Close ranks on scammers targeting troops

Service personnel across our military work hard to earn their paychecks, often in hostile environments around the globe on challenging deployments. Sadly, that regular paycheck, frequent relocation, the stress of deployment, and separation from family and friends can make military households an attractive target for scam artists.

We would like to think our Army, Air Force, Navy, Marine Corps and Coast Guard personnel can let their guards down when they are back home engaging in basic activities like shopping for a car or securing a personal loan, selecting the best college or online course to improve their education, or choosing a pension plan.

Unfortunately, each of those activities represents an opportunity for scammers to defraud servicemembers and their families or steal their personal information. Last year, the Federal Trade Commission received 73,000 complaints from the military community. Thirty percent of those complaints related to identify theft, which is consistently one of the top fraud complaints reported to our agency. Other top complaints relate to imposter scams, lotteries and sweepstakes, foreign money offers and counterfeit check frauds.

As the nation’s lead consumer protection agency, the FTC brings law enforcement actions and engages in consumer education campaigns to stop fraud against all consumers, including servicemembers, veterans and their families.

In one recent case, the commission charged that one of the nation’s largest refinancers of veterans’ home loans violated the law by falsely representing that low-interest fixed-rate mortgages were available at no cost. Another case brought last year involved debt collectors who harassed servicemembers, sometimes for debts they did not even owe. A military consumer reported that a defendant debt collector told him he could face dismissal from the military for being in debt and that the collector would ruin his military career. In those and other consumer cases, the FTC has acted to stop those unlawful practices and obtain appropriate redress.

In addition to those enforcement efforts, we also cooperate closely with the Department of Defense, other federal agencies and law enforcement partners to stop scams and unlawful business practices that come to our attention. And we work with organizations such as the American Legion to spread accurate and helpful information to military families that is crucial to combatting fraud.

We are looking to do even more to help empower our military and veteran communities.
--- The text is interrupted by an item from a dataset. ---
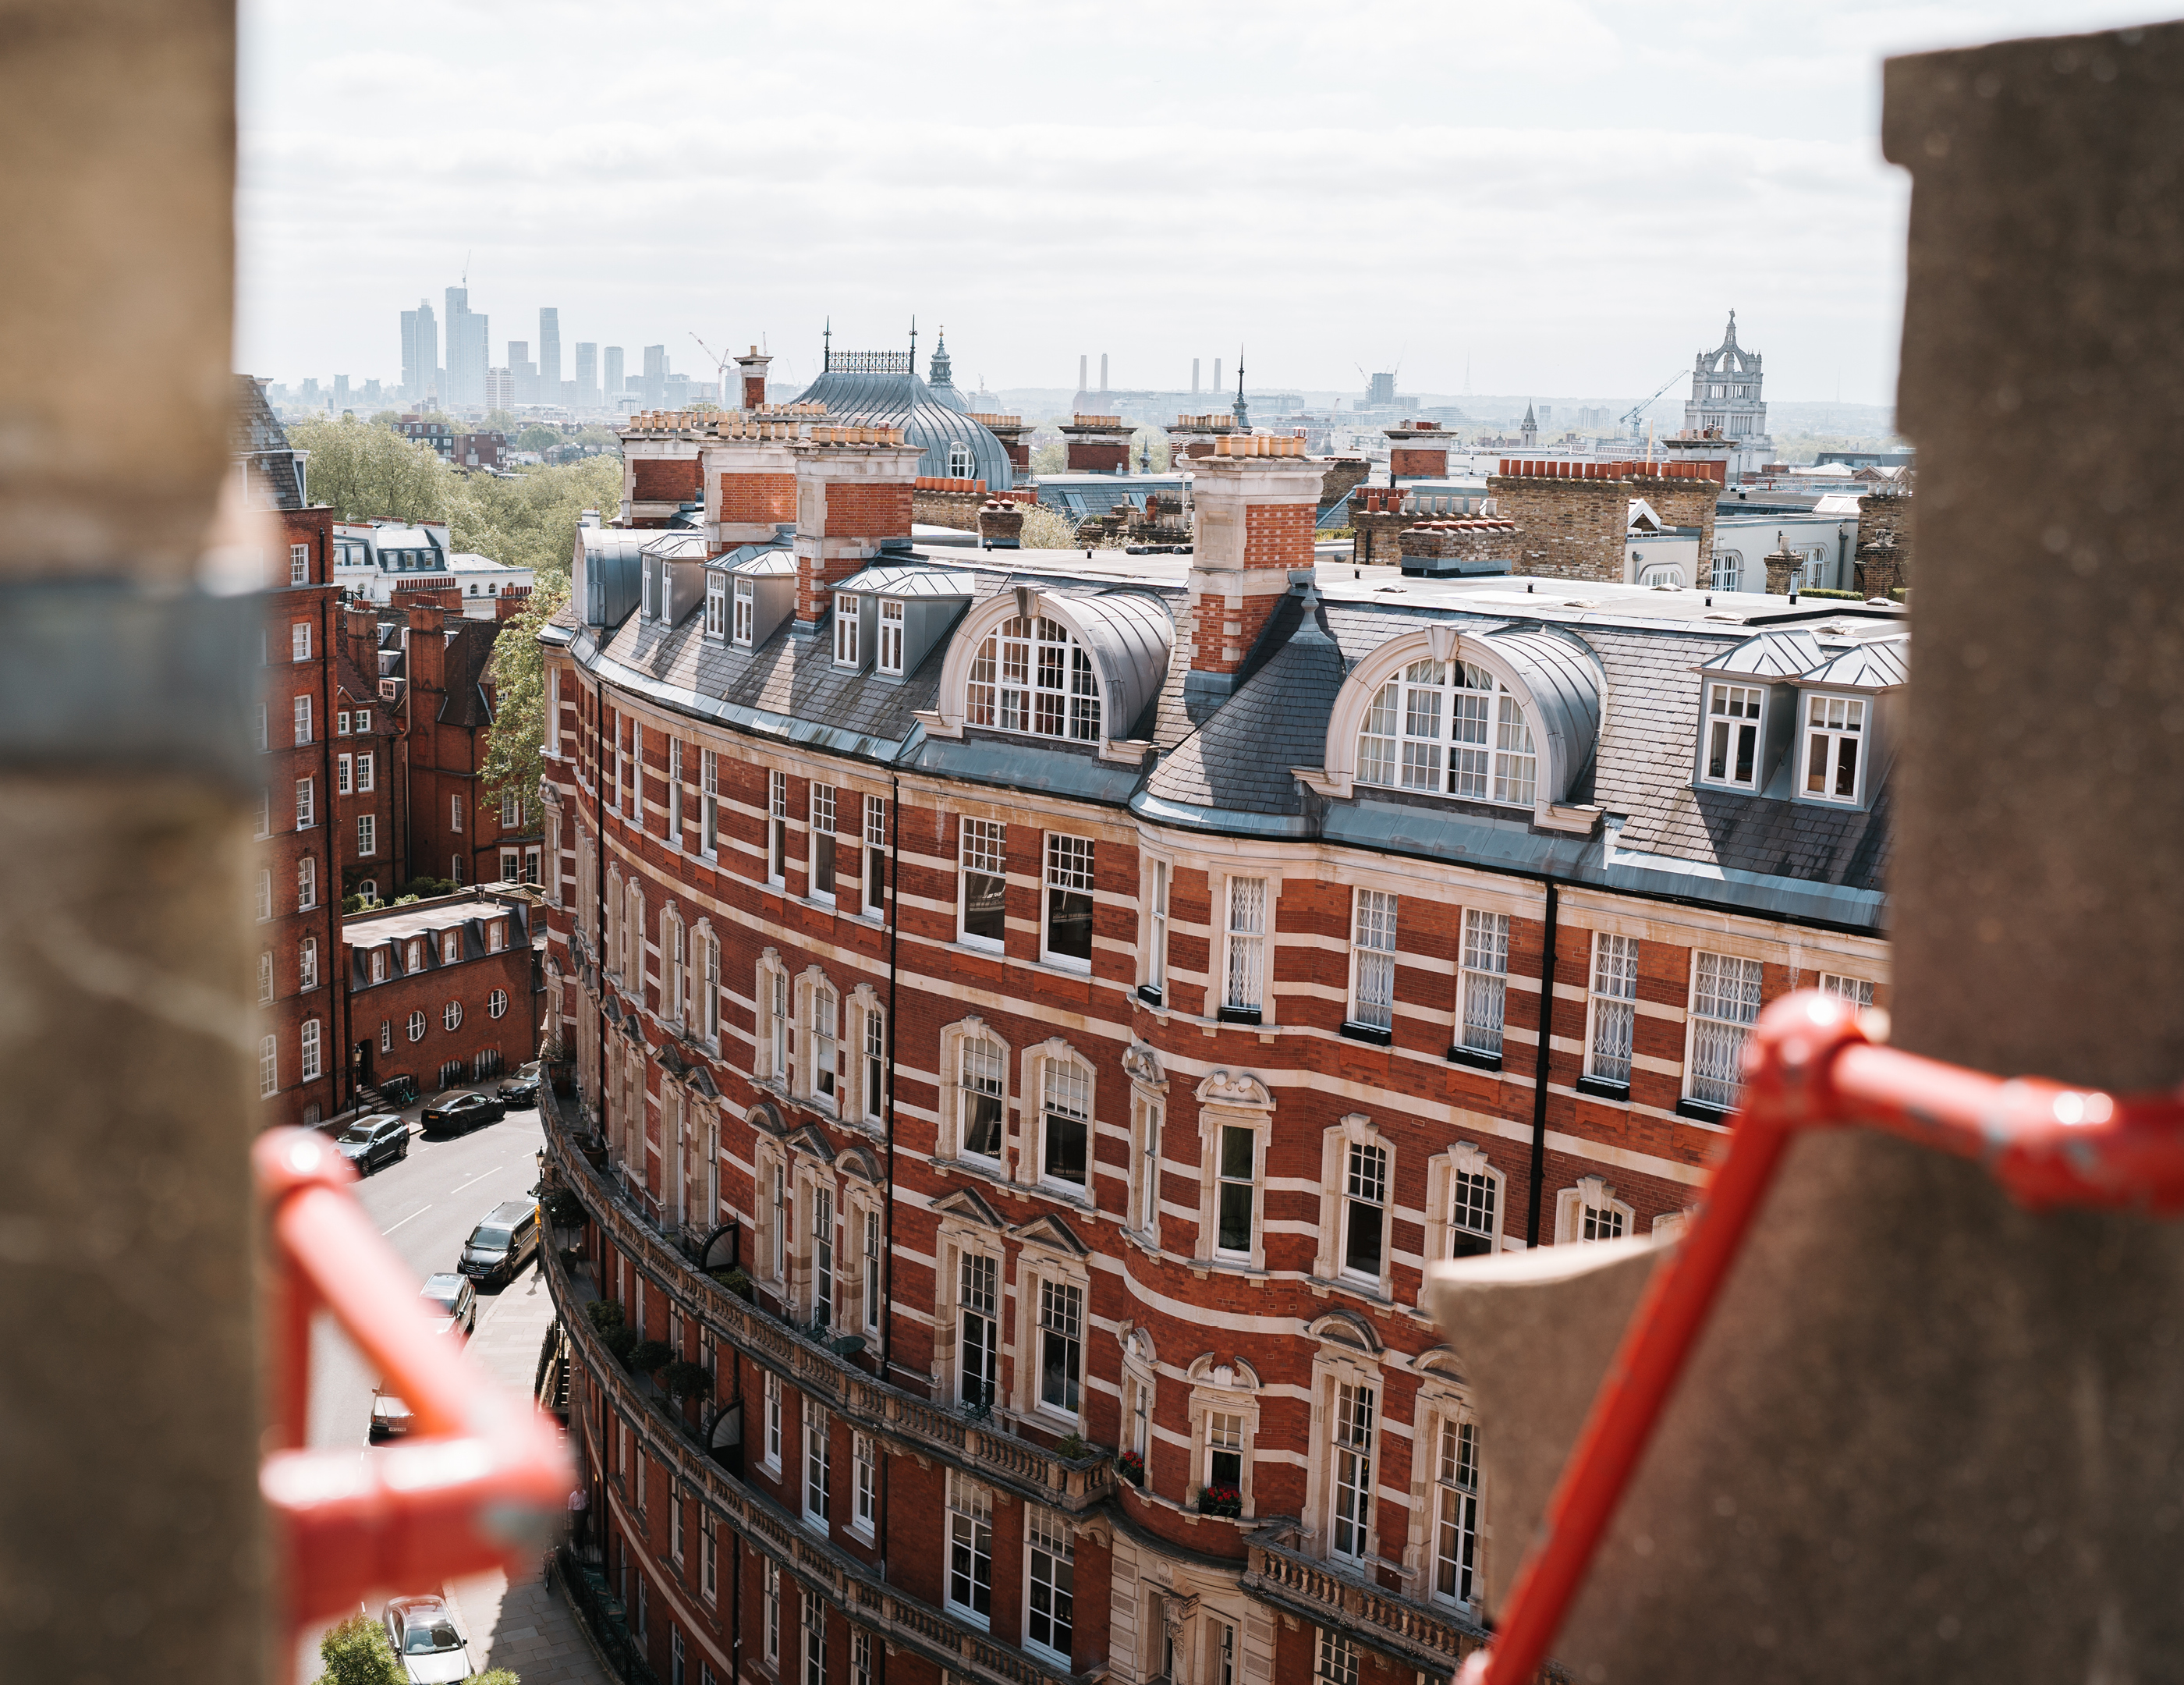 View from rooftop over red brick old building and London skyline in distance

As the daughter of a veteran, I have a particular appreciation for our military and feel we have a duty to do the most we can for those who are willing to sacrifice so much to protect our country.

July 16 marks the second annual Military Consumer Protection Day. Together with the DOD’s Office of the Secretary of Defense, the Consumer Financial Protection Bureau, and more than 30 public- and private-sector organizations including Military Saves, the FTC is working hard to ensure servicemembers have the tools they need to be well-informed consumers.
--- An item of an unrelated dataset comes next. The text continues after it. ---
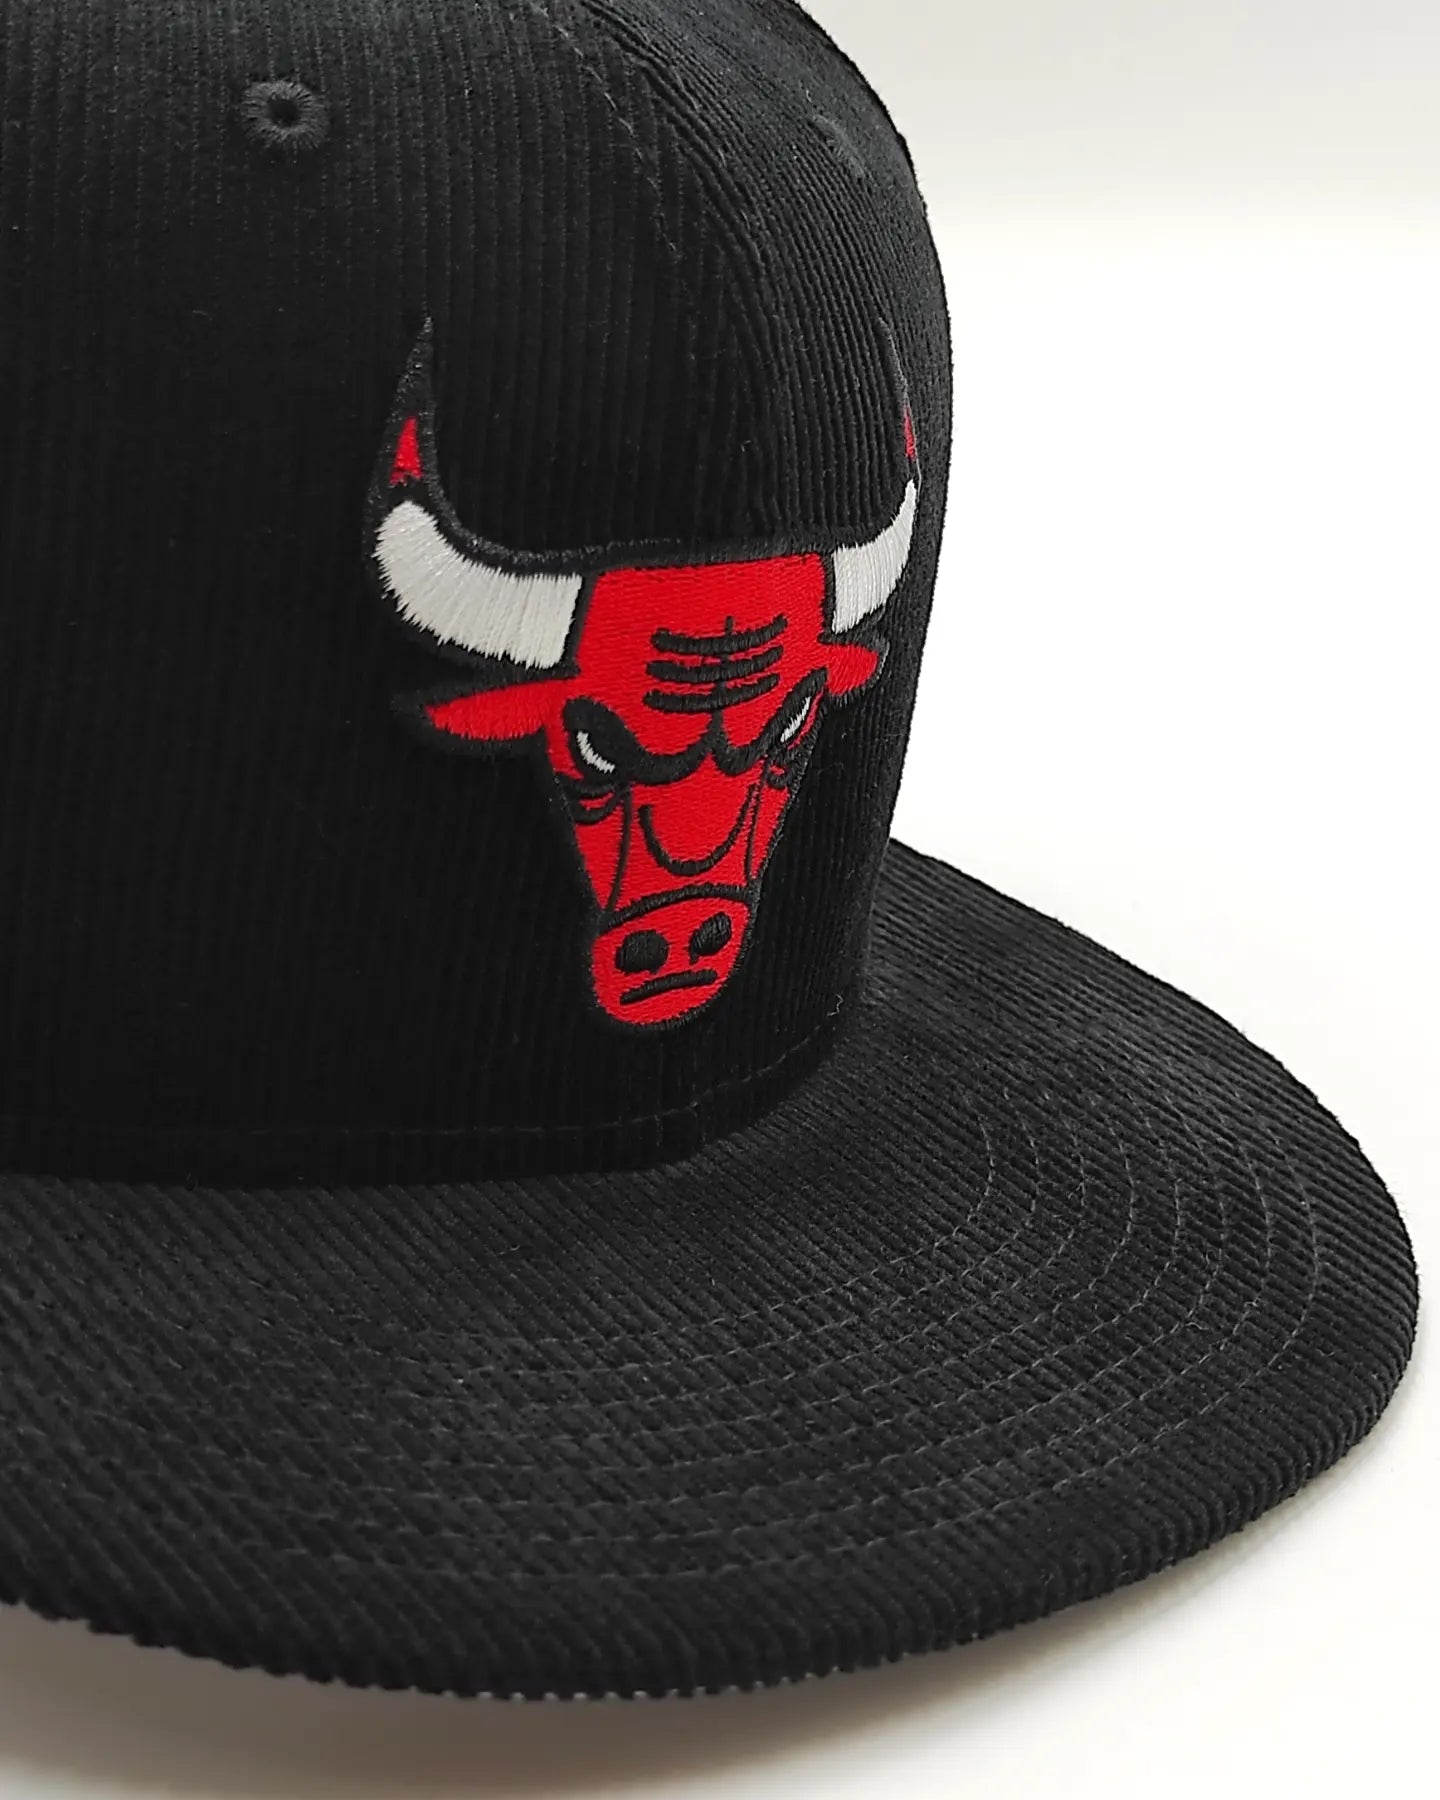 Chicago Bulls OLD SCHOOL CORDUROY SIDE-PATCH Black Fitted Hat by New Era

Our joint campaign, Military Consumer, provides active-duty and retired military consumers with a range of free and easily accessible online resources about how to manage finances, avoid scams and deal with identity theft. I urge military families to take advantage of it.

The website includes tips to help deployed servicemembers place an active-duty alert on their credit reports to deter identify theft, guidance on how veterans can protect their pensions, and questions to ask when you’re looking to use Post-9/11 GI Bill benefits, among other useful resources.

In addition, the FTC will be joining our Military Consumer partners for a Twitter town hall July 16 at 2 p.m. EDT. We hope you can join the conversation, which will focus on identify theft and credit-related topics. Questions can be submitted using #MCPD2014.

It’s time to close ranks on the scammers targeting our military, and, by working more closely together, we believe this is an achievable mission.

Thank you for your service.

Edith Ramirez is chairwoman of the Federal Trade Commission.